Personal information
- Born: June 1, 1955 (age 71) Madison County, Tennessee, U.S.

Professional wrestling career
- Ring name(s): David Schultz David Von Schultz
- Billed height: 6 ft 6 in (198 cm)
- Billed weight: 267 lb (121 kg)
- Billed from: Nashville, Tennessee
- Trained by: Herb Welch
- Debut: 1974
- Retired: 1989

= David Schultz (professional wrestler) =

American professional wrestler (born 1955)

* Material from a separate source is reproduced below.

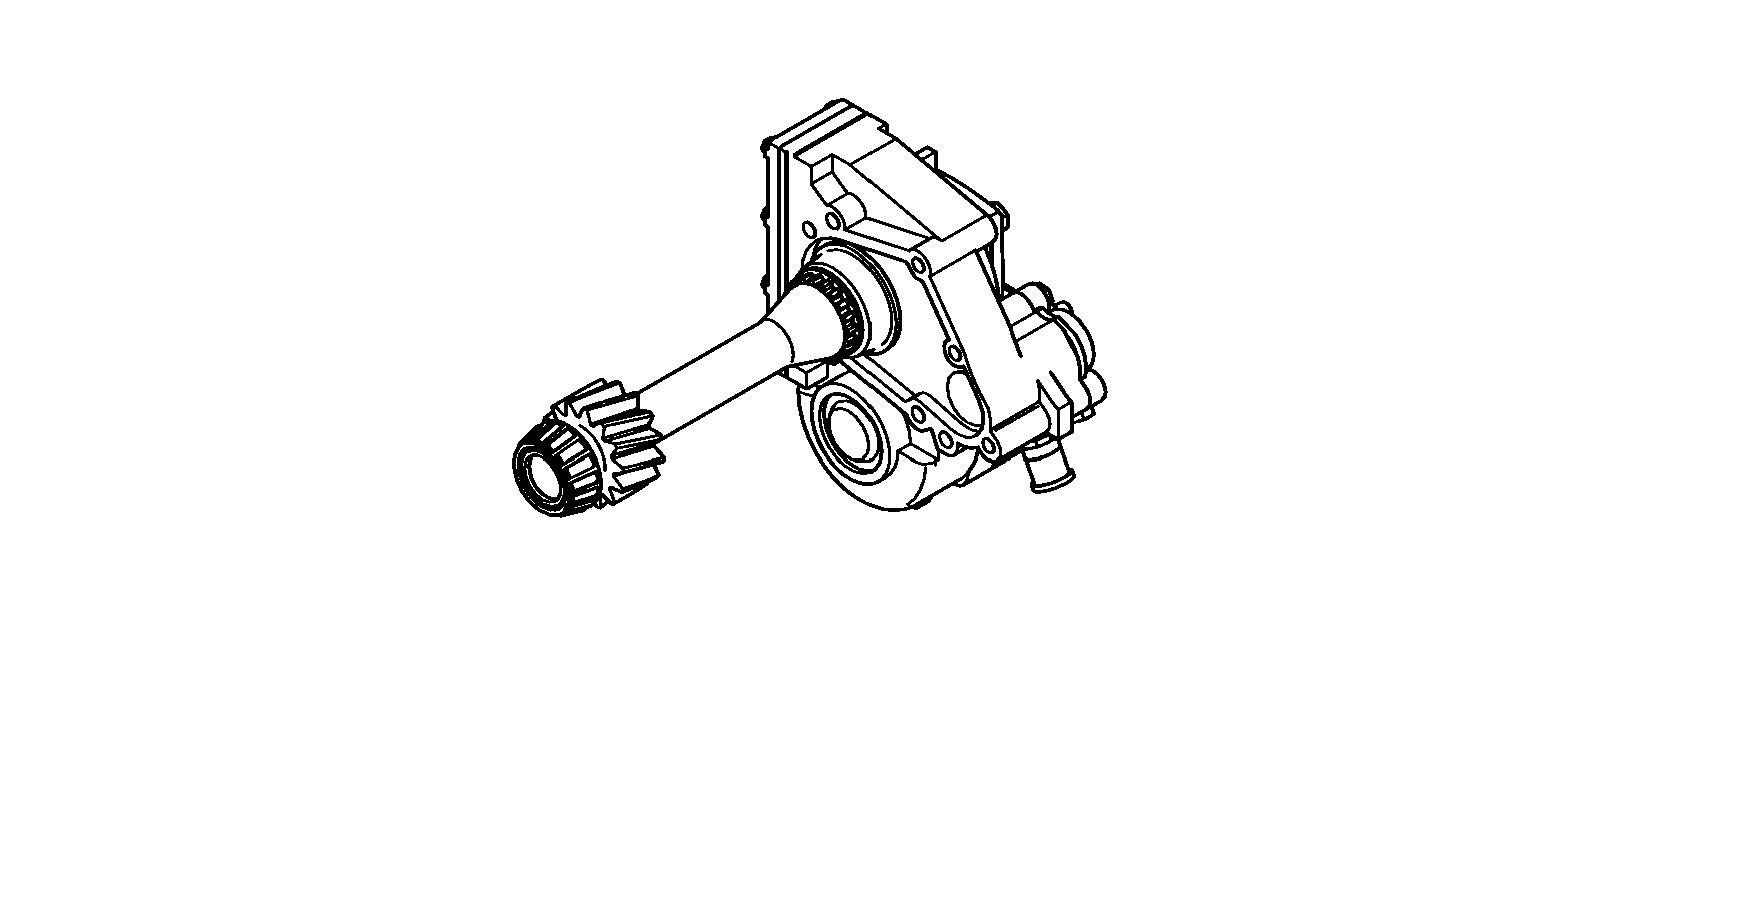 Zf 6090012032 - NH 1 B

David Schultz (born June 1, 1955) is an American retired professional wrestler. Nicknamed "Dr. D", he competed in North American regional promotions Stampede Wrestling, the National Wrestling Alliance, and the American Wrestling Association in the late 1970s and early 1980s. During his short stint in the World Wrestling Federation in 1984, he gained notoriety by assaulting 20/20 reporter John Stossel during a report on the legitimacy of professional wrestling.

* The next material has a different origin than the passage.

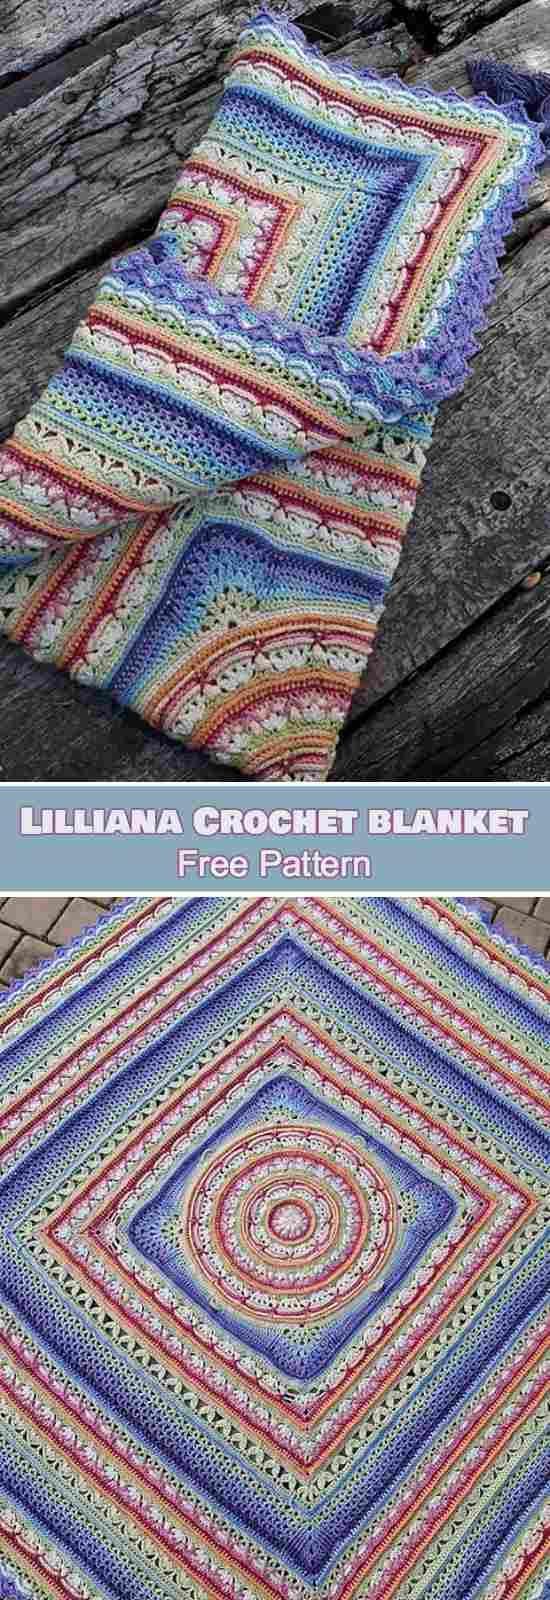 Lilliana Crochet Blanket [Free Pattern] Lilliana Throw, Afghan, Wonderful pattern for baby blanket, doily or pillow.

== Professional wrestling career ==

=== Early career (1974–1980) ===
Trained by Herb Welch, Schultz began wrestling in NWA Mid-America during the mid-1970s eventually teaming with Roger Kirby to defeat Bill Dundee and Big Bad John for the NWA Mid-America Tag Team Championship in May 1976. He would also team with Bill Ash to win the NWA Mid-America Tag Team Championship before losing the titles to George Gulas and Gorgeous George Jr. later that year.

While in the Maritimes, Schultz defeated Terry Sawyer for the Canadian Heavyweight Championship in Halifax, Nova Scotia on August 9, 1977. Feuding with Sawyer over the title, he would briefly lose the title back to Sawyer before regaining it on August 13 and remained champion until the title became inactive before the end of the year.

From September to October 1978, Schultz toured Japan with International Wrestling Enterprise as part of its "Dynamite Series". His matches on this tour included a cage match against Katsuzo Oiyama in Isehara, Kanagawa and a handful of matches against Animal Hamaguchi that ended in double count-outs or disqualifications. During the tour, he teamed on several occasions with Ox Baker.

Although losing to Bob Armstrong in a match for the NWA Southeastern Heavyweight Championship in 1978, Schultz later regained the title the following year feuding over the title with Ron Slinker in mid-1979. Teaming with Dennis Condrey, the two later won the NWA Southeast Tag Team Championship after defeating Dick Slater and Paul Orndorff in November 1979 and successfully defended the titles for several months before the title was held up during a match against Mike Stallings and The Matador on February 3, 1980, and lost the titles to them in a rematch a week later.

=== Canada (1980–1983) ===
In June 1980, Schultz returned to The Maritimes, where he wrestled as "David Von Schultz" in Atlantic Grand Prix Wrestling. Later that month he became the inaugural AGPW United States Heavyweight Champion. After defending the title against veterans such as Leo Burke, Stephen Petitpas, and the Great Malumba throughout the summer, he eventually lost the title while he and the Cuban Assassin feuded with AGPW North American Tag Team Champions Leo Burke and Stephen Petitpas during his last weeks in the region.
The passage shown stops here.